*Assigned task*. Write out an exact copy of the line containing "soutuveneen vuokraus Pirkkala" and all lines that follow it in the data below, leaving out pictures.

*Data*.
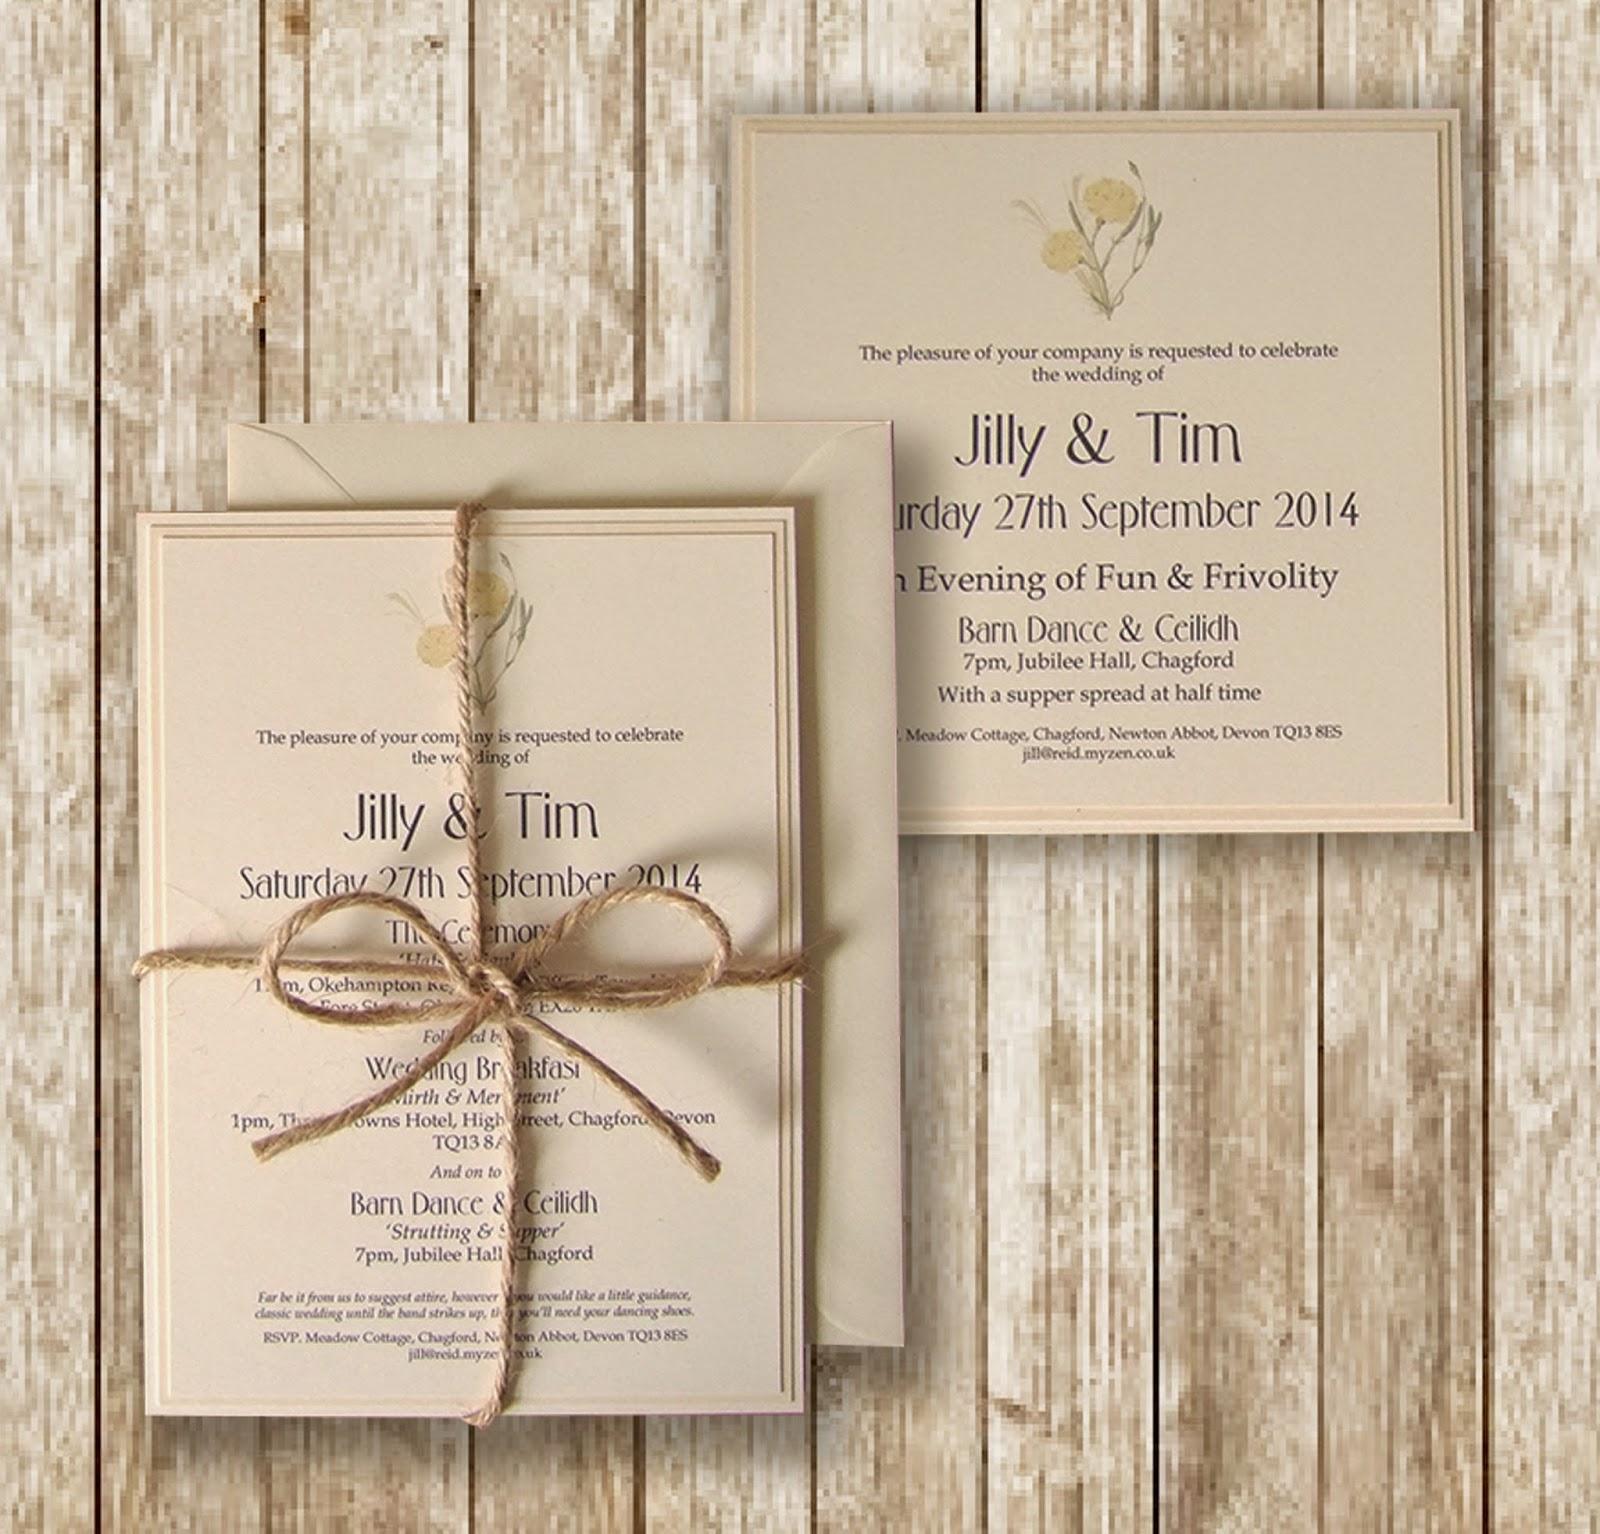 Knots and Kisses Wedding Stationery: Rustic Lemon & Cream Wedding ...
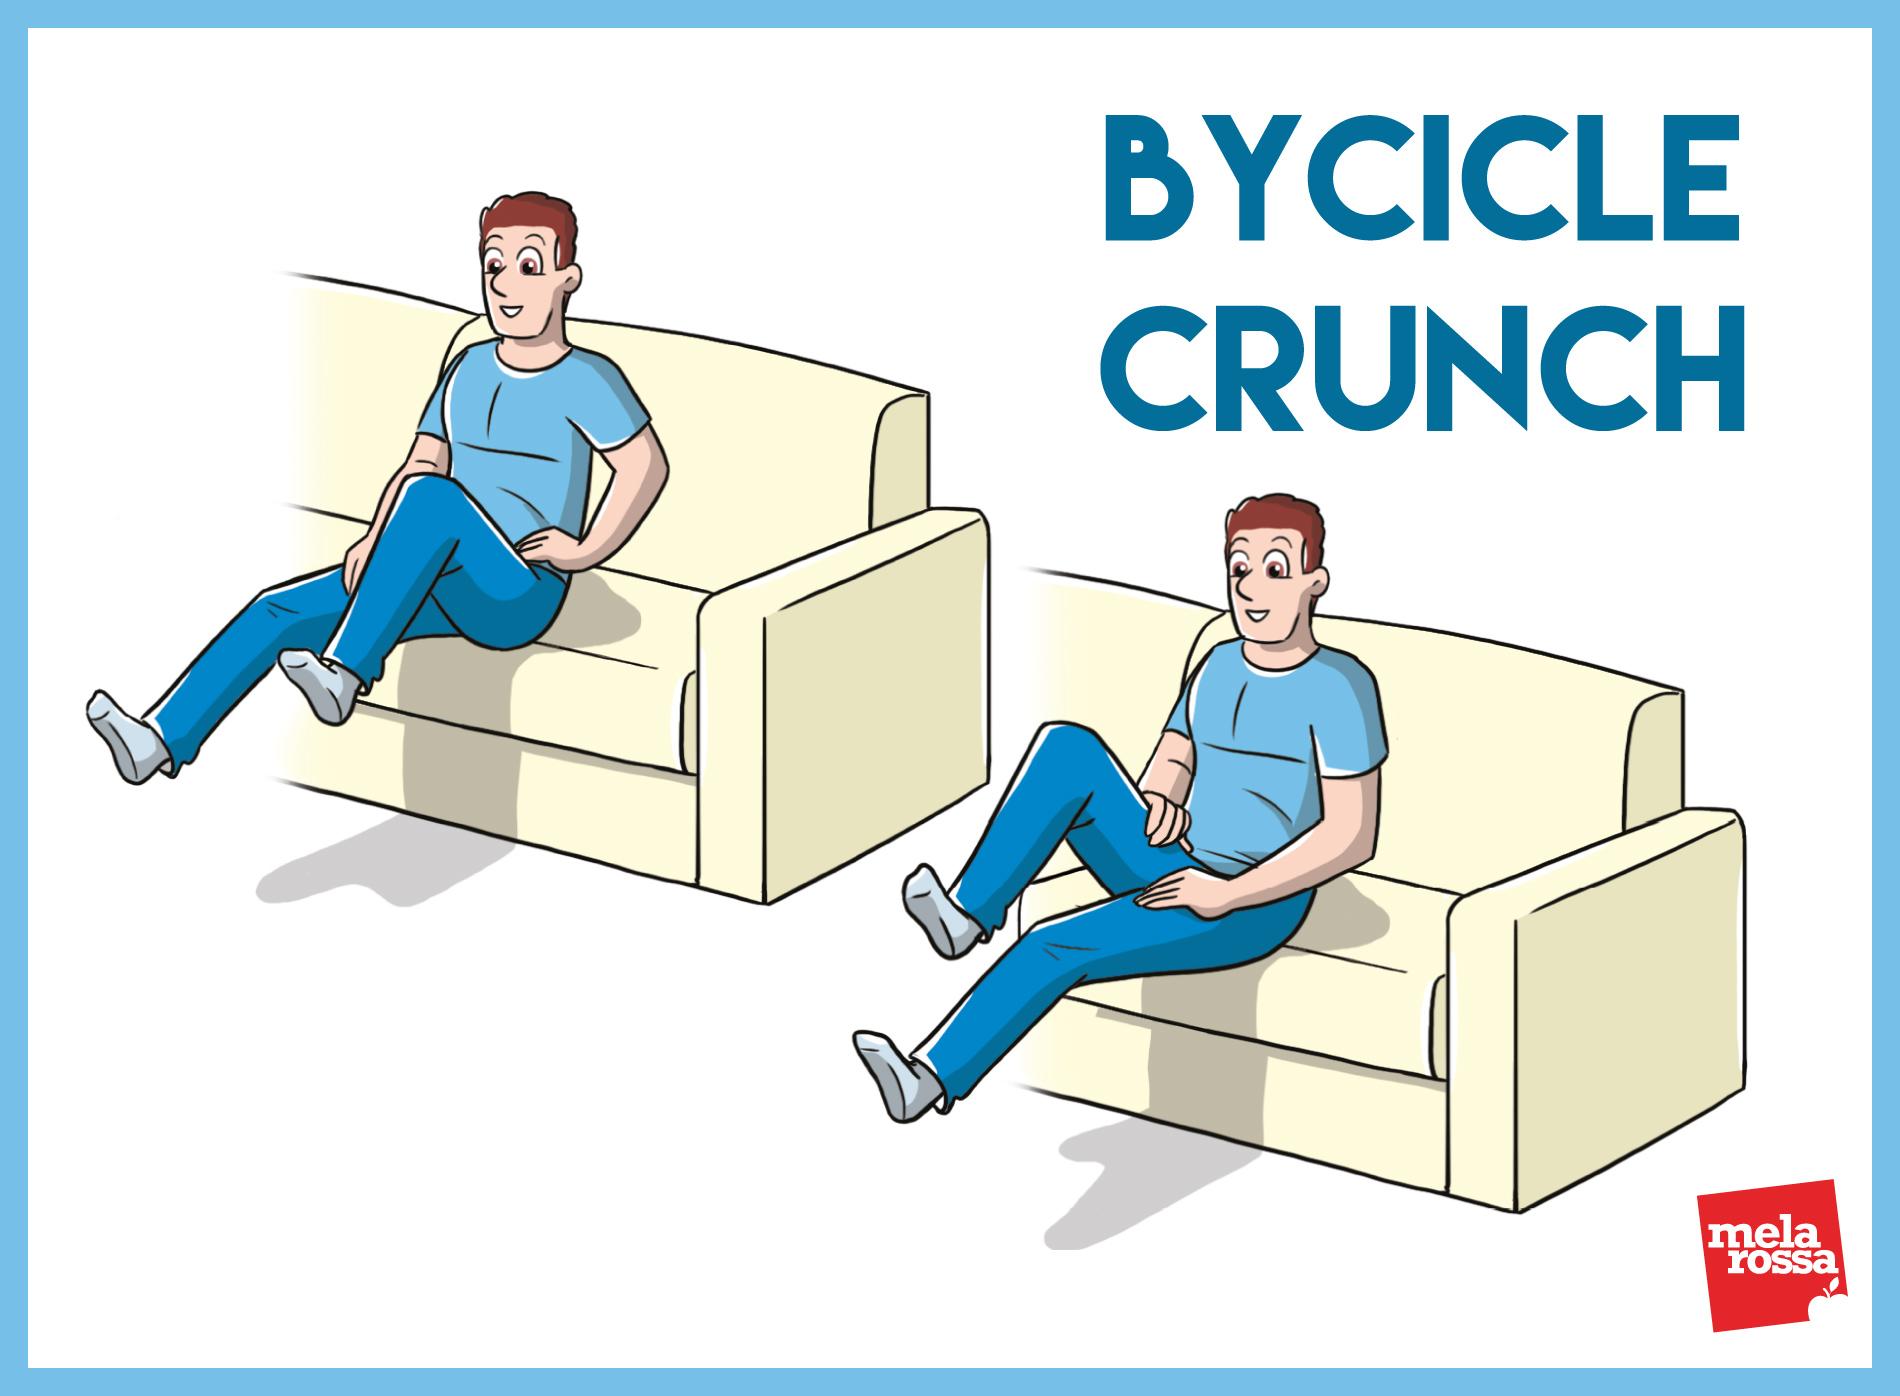 ginnastica da divano: workout da fare a Natale
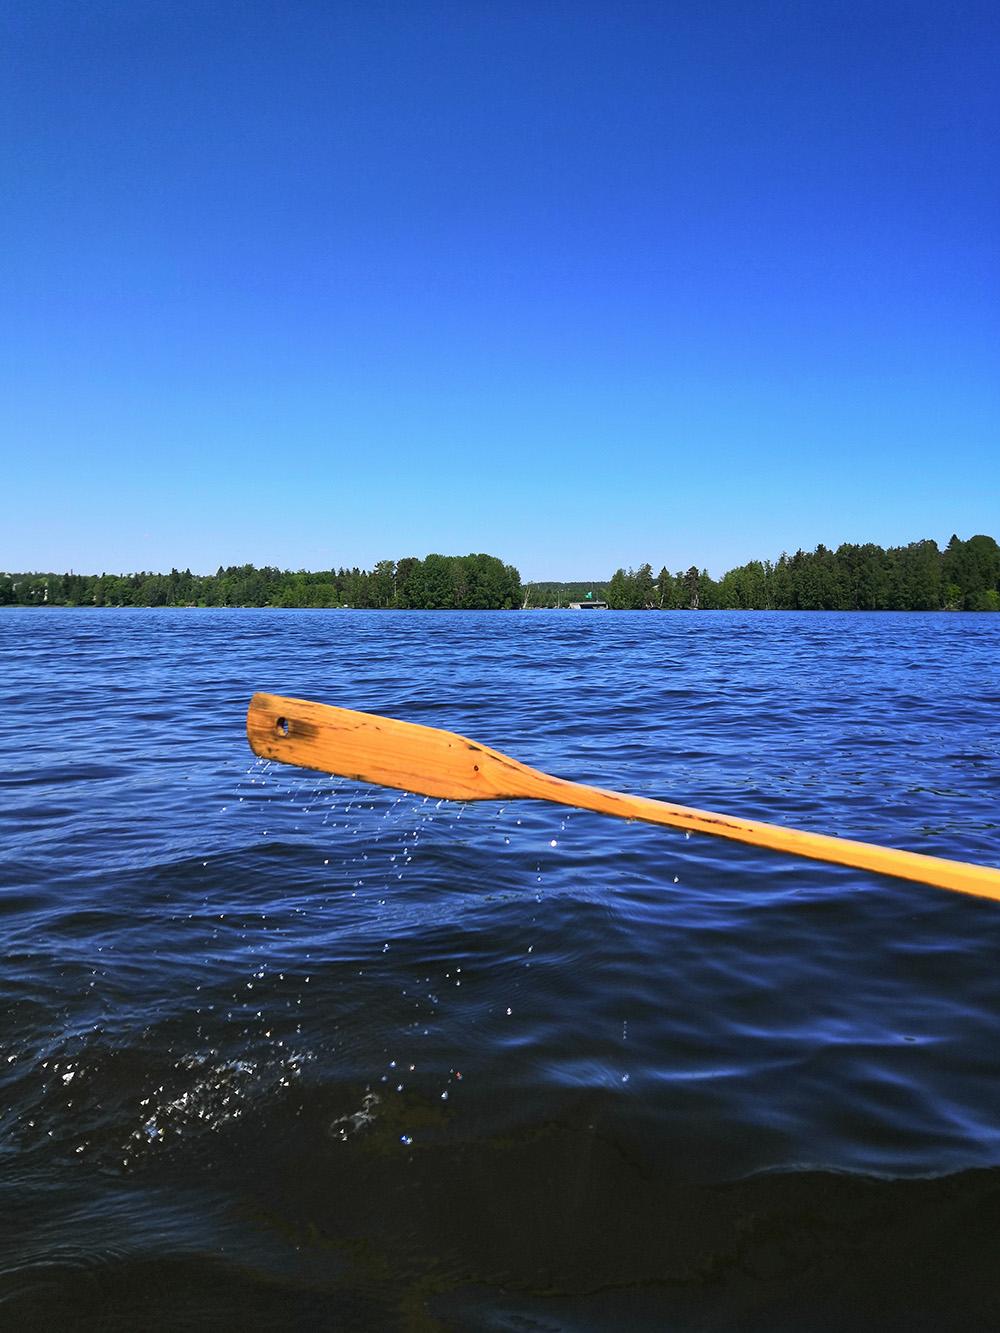 soutuveneen vuokraus Pirkkala
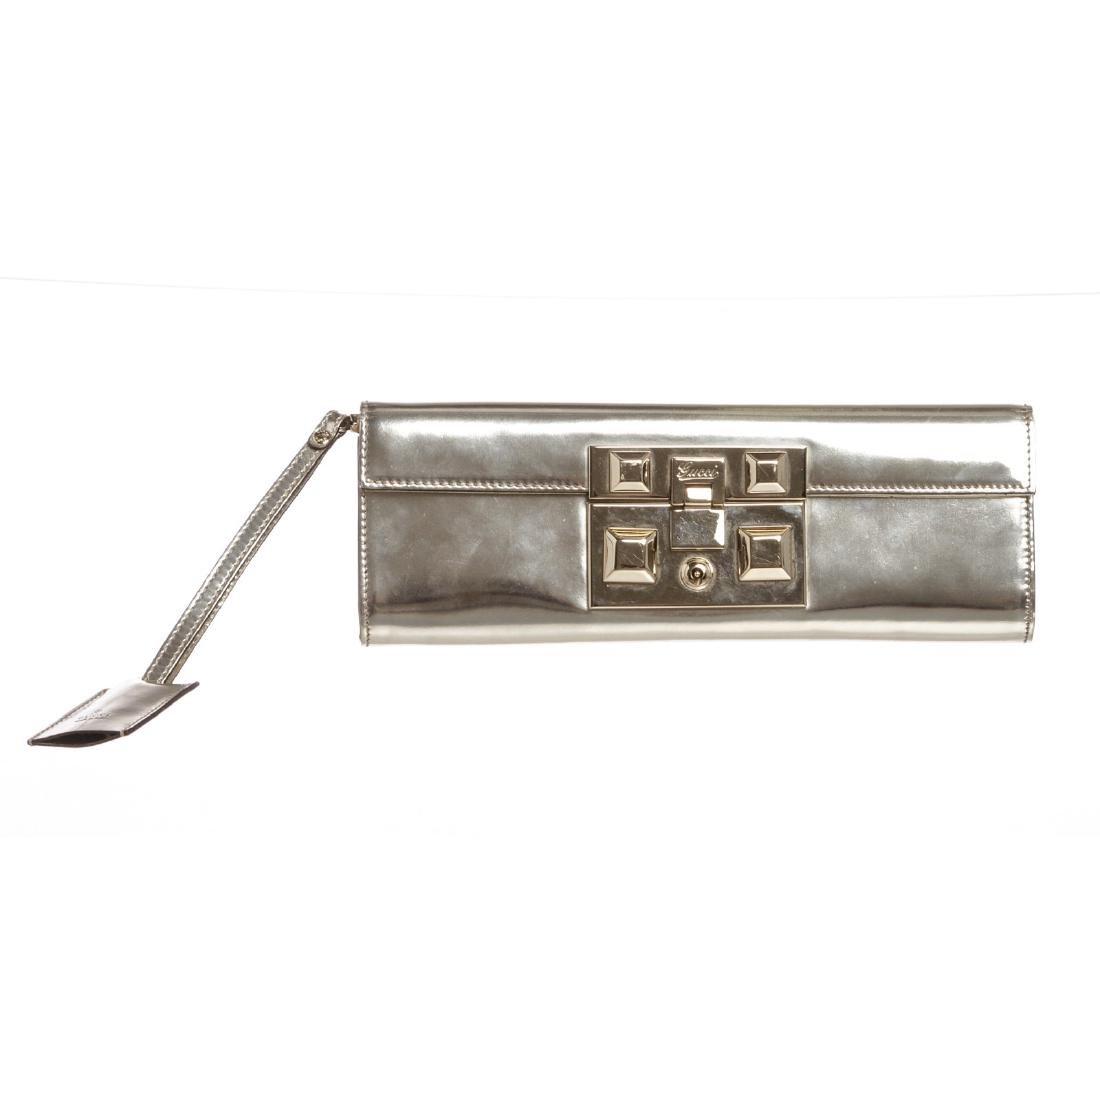 Gucci Metallic Silver Leather Evening Clutch Bag

*Result*.
 soutuveneen vuokraus Pirkkala
 Gucci Metallic Silver Leather Evening Clutch Bag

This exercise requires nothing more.